FizzBuzz

  • Jeff Moden

    SSC Guru

    Points: 994667

    BTW... the real reason why I'm asking the above question is that it may explain why so many people have questions like "I deleted a table and only have a backup from yesterday... how do I get today's data back?"

    --Jeff Moden


    RBAR is pronounced "ree-bar" and is a "Modenism" for Row-By-Agonizing-Row.
    First step towards the paradigm shift of writing Set Based code:
    ________Stop thinking about what you want to do to a row... think, instead, of what you want to do to a column.
    "If you think its expensive to hire a professional to do the job, wait until you hire an amateur."--Red Adair
    "Change is inevitable... change for the better is not."
    When you put the right degree of spin on it, the number 3|8 is also a glyph that describes the nature of a DBAs job. 😉

    Helpful Links:
    How to post code problems
    Create a Tally Function (fnTally)

  • TomThomson

    SSC Guru

    Points: 104772

    Jeff Moden (4/19/2010)


    I didn't mean for it to sound harsh on my part. Let me ask though simply because I lead a life sheltered by large batch jobs where only staging tables are in a DB with the SIMPLE recovery mode... would you say that most production databases that folks build are in the SIMPLE recovery mode or BULK INSERT/ FULL recovery mode?

    It didn't sound harsh at all Jeff, just as if you had been sheltered from some of the rather nasty things that exist out there in the wild (eg CISCO used SQL Server Desktop Engine using simple recovery model in their BBSM product, which was typically installed in situations where the database was updated throughout the day and night so that without full recovery model data loss was guaranteed any time the server went down other than in a tidy controlled shutdown) and from the practise of using small databases to describe things like availability of features, menu structures, and customisations in other products delivered to many people (those small databases can be replaced by new releases, but other than that they are read only so there's no use to full recovery model).

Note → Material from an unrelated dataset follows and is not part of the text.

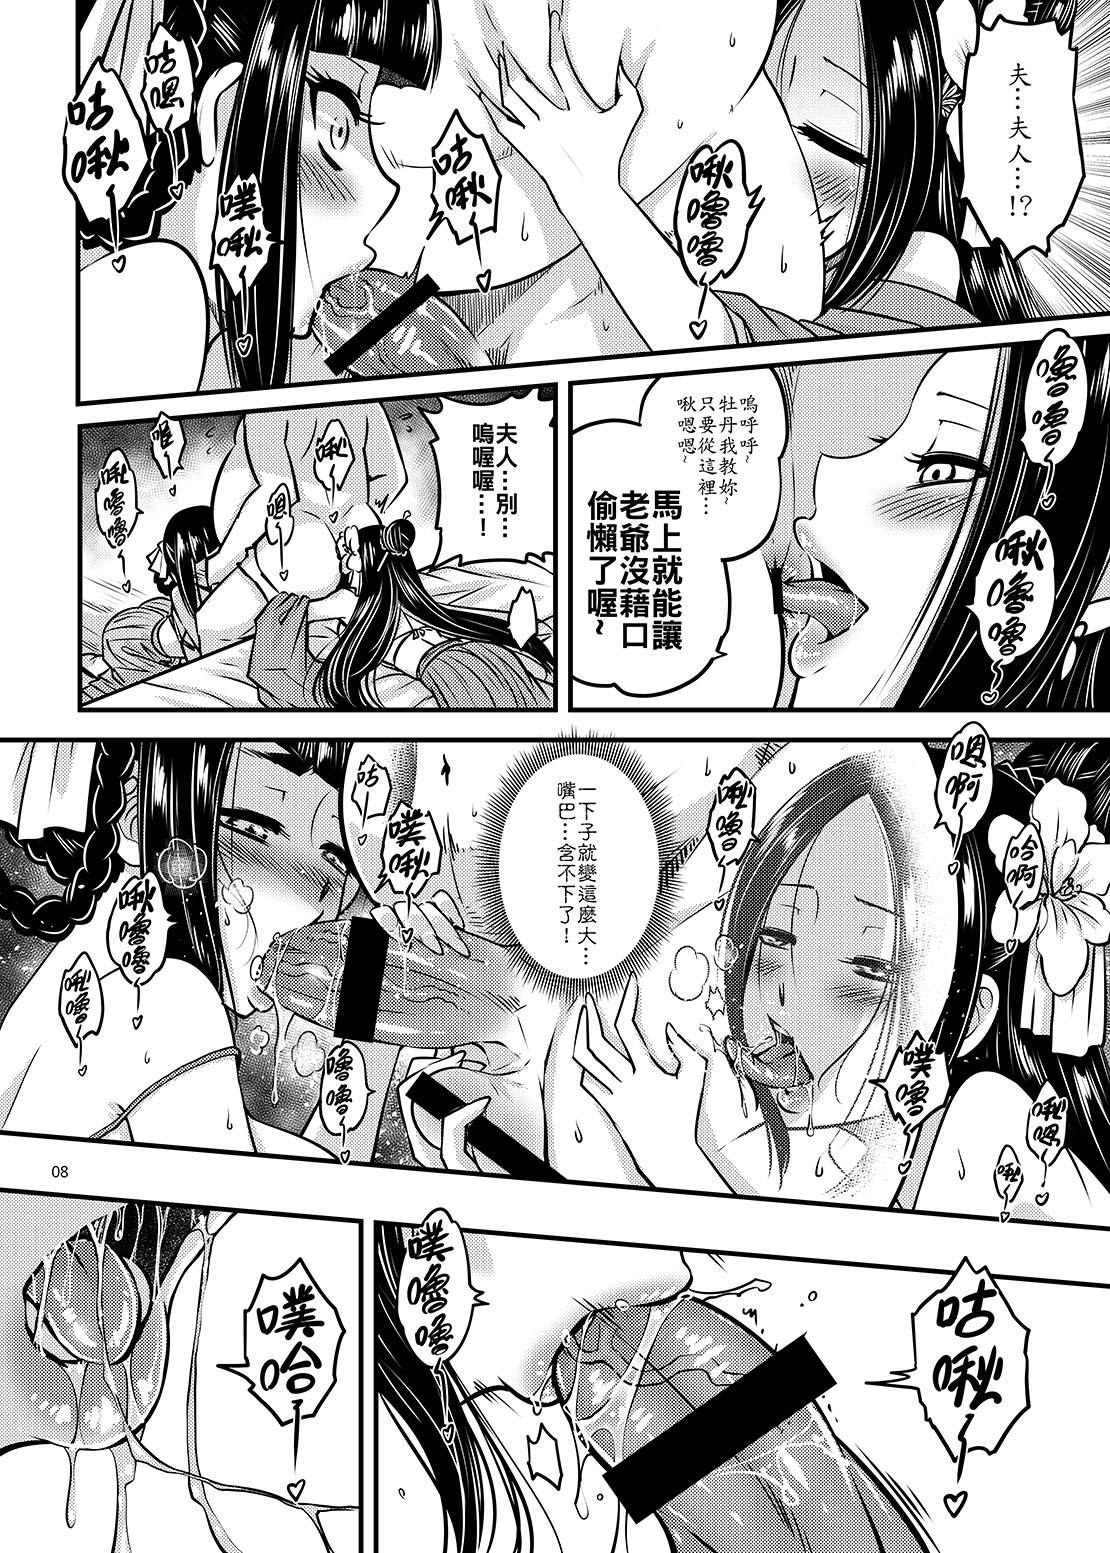 Pasivo Hyakkasou2《壮絶!海棠夫人の伝説》 - Original Old Man - Page 9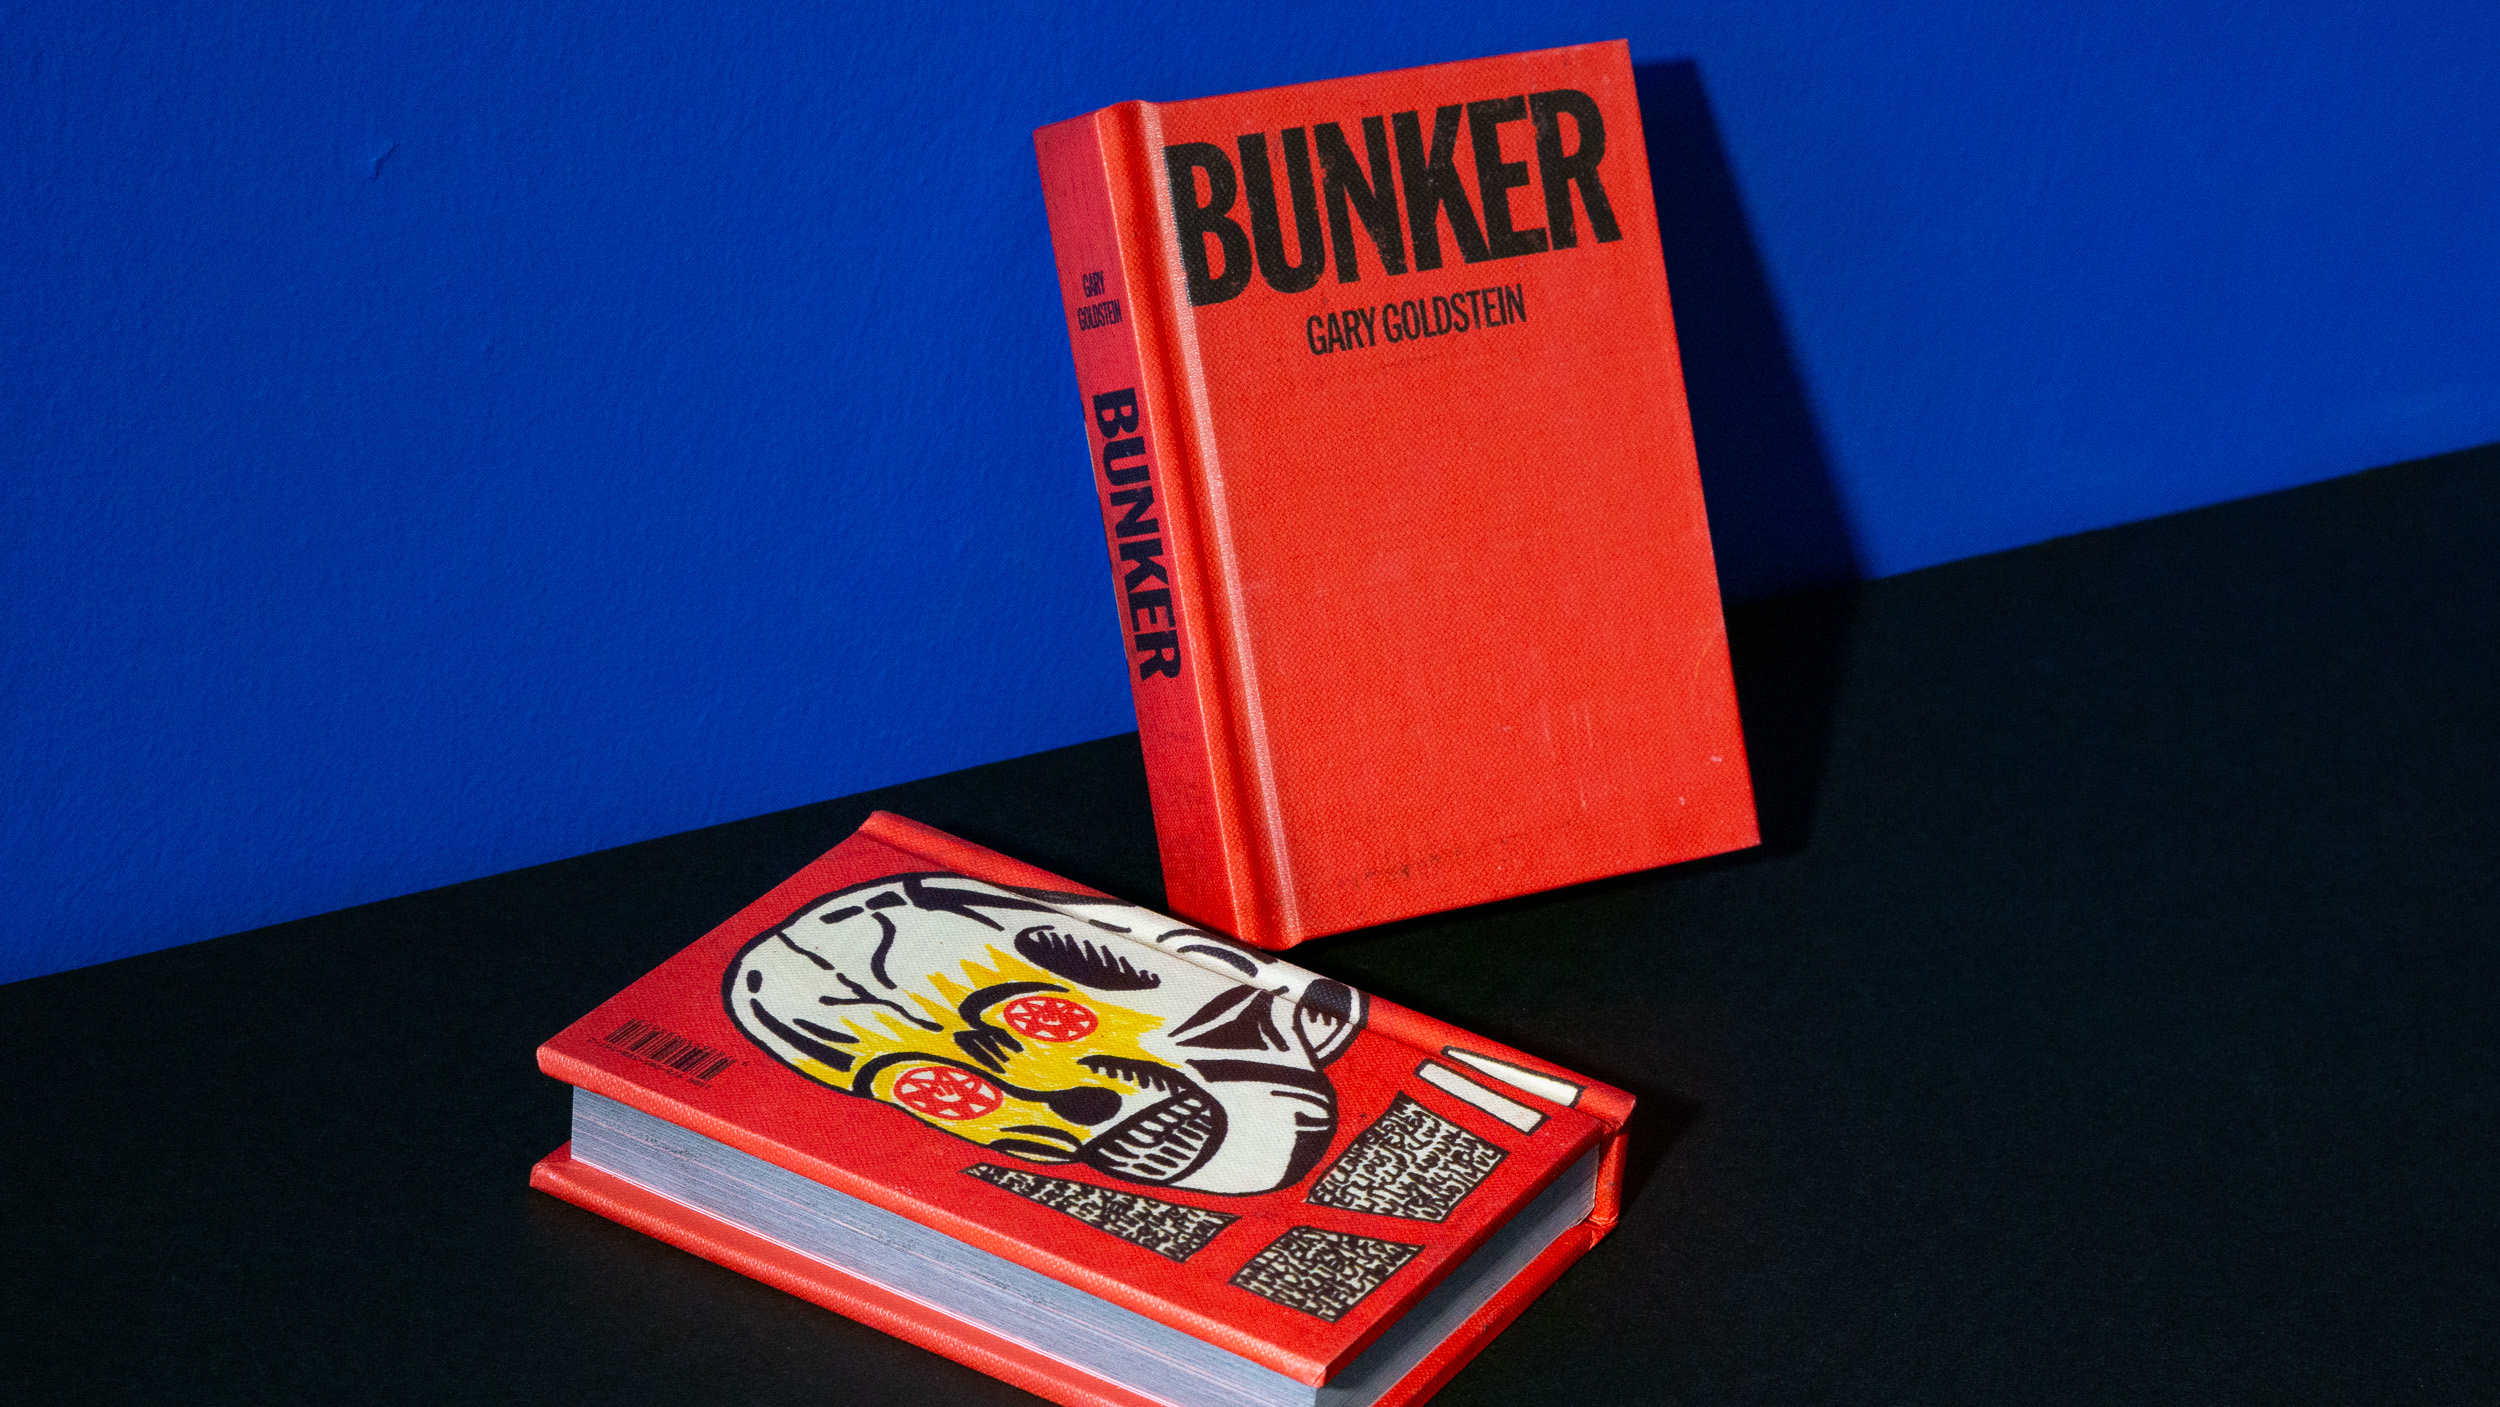 Bunker - Gary Goldstein.  design: Tal Solomon Vardy

    I think that if someone builds their own production databases they will usually want full recovery model - I certainly don't disagree with you on that one - although history databases (see below) are an exception. Even the small read-only databases mentioned above have master copies at the product suppliers site which are writable (how else do new versions get generated) and these copies may well use full recovery model. And of course the "nasty" cases ought to have had full recovery model even though they actually don't. So maybe I overstated my disagreement with your statement.

    I suspect that if we both were looking at the same database and the same use of it we would agree on which recovery model to use. All my writeable production databases, except some history databases (see below), have had full recovery model. It's just that I've come across a large number of DBs that don't have full recovery model, some for good reasons and some for bad reasons, and I read you as suggesting that databases without full recovery model would be very rare.

    History databases (I don't want to call them DW, because the data isn't massaged in any way, it's just a direct copy of information from the source databases) which are designed to be able to use simple recovery model are quite rare, mainly because people want to do one or more of (a) massage the source data (b) handle data for which it's hard to see what has and what hasn't already been imported (c) do computation and store precalculated partial results of MIS queries in the history DB instead of in a separate MIS DB. In many systems (b) is an inevitable consequence of the requirements (or, sometimes, of the fact that the source databases weren't designed with row-versioning in mind, or that the source databases aren't allowed to talk to each-other). In others (a) is needed to get the cost of the MIS queries down to an acceptable level. Once (a) or (b) is happening, there's little point in keeping the two DBs separate (but I try to educate people who want to merge the two databases when neither (a) nor (b) applies, since having the history database designed to use simple recovery can save an awful lot of disc space and backup store).

    Tom

  • TomThomson

    SSC Guru

    Points: 104772

    Jeff Moden (4/19/2010)


    BTW... the real reason why I'm asking the above question is that it may explain why so many people have questions like "I deleted a table and only have a backup from yesterday... how do I get today's data back?"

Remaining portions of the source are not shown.